(Beginning of EXERCISE DATA)

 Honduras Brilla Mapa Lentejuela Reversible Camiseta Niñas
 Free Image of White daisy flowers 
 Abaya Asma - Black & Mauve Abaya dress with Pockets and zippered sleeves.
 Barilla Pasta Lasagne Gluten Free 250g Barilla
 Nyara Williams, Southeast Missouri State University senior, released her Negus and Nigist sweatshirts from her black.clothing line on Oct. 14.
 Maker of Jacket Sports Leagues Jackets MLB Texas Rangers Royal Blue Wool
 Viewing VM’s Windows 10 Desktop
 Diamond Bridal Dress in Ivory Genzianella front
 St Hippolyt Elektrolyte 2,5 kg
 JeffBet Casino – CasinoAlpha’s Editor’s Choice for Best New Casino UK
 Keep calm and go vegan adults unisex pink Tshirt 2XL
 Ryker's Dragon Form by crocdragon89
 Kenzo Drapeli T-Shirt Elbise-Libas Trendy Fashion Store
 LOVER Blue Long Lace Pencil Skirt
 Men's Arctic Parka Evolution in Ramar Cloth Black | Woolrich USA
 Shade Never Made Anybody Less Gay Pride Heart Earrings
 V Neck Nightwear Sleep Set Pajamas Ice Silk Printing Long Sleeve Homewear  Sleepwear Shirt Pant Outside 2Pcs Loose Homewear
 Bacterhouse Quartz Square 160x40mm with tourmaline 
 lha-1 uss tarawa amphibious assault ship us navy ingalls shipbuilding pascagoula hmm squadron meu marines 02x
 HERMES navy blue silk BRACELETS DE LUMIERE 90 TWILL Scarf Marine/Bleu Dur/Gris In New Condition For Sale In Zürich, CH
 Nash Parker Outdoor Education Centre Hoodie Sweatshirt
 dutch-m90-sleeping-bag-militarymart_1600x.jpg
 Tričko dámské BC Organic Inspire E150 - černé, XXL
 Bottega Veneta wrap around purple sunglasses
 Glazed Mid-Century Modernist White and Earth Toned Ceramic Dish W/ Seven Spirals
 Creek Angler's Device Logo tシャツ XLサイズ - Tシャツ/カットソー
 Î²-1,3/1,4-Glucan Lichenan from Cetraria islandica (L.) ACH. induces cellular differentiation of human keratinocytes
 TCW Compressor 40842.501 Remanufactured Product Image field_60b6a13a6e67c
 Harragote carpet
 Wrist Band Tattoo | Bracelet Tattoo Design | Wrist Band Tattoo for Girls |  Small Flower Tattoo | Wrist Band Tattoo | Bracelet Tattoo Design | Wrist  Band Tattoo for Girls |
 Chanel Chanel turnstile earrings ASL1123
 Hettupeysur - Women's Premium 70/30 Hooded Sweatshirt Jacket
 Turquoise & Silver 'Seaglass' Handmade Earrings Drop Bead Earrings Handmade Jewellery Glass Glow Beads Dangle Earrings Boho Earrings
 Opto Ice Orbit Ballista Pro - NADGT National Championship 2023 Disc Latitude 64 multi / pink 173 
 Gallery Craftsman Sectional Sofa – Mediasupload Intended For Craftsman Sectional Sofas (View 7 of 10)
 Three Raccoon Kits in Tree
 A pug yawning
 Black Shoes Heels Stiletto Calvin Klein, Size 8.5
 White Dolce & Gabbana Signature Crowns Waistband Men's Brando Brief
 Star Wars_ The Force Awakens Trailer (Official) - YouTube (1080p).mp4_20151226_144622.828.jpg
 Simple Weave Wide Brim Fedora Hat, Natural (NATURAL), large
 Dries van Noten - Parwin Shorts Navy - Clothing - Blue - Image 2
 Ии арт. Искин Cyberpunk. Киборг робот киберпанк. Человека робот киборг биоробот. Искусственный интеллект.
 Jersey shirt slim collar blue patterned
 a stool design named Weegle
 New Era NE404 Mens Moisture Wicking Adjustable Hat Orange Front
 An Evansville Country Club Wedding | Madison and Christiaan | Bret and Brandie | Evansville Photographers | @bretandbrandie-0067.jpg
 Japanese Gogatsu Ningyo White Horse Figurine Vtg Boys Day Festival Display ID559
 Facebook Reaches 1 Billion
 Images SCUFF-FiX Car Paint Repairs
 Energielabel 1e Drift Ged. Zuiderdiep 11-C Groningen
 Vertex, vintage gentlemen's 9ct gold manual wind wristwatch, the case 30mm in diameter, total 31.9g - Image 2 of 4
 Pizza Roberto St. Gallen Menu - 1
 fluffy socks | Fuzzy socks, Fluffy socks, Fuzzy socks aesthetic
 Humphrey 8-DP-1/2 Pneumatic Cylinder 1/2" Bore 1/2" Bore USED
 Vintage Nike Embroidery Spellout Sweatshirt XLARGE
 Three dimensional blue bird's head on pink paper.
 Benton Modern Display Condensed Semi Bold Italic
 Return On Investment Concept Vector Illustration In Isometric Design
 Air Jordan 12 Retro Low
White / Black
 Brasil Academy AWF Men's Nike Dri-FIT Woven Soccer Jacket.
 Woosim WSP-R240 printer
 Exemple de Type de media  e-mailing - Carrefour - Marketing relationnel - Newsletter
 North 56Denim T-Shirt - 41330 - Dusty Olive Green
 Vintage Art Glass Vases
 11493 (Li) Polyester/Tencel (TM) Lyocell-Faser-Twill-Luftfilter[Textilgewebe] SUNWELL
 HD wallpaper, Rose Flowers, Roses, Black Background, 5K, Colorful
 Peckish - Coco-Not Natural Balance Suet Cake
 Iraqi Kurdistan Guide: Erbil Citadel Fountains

(End of EXERCISE DATA)

WHAT THE TASK ASKS =>
Up to and including the line with "Barilla Pasta Lasagne", restate the records above word for word from the very first line.

TASK RESULT =>
 Honduras Brilla Mapa Lentejuela Reversible Camiseta Niñas
 Free Image of White daisy flowers 
 Abaya Asma - Black & Mauve Abaya dress with Pockets and zippered sleeves.
 Barilla Pasta Lasagne Gluten Free 250g Barilla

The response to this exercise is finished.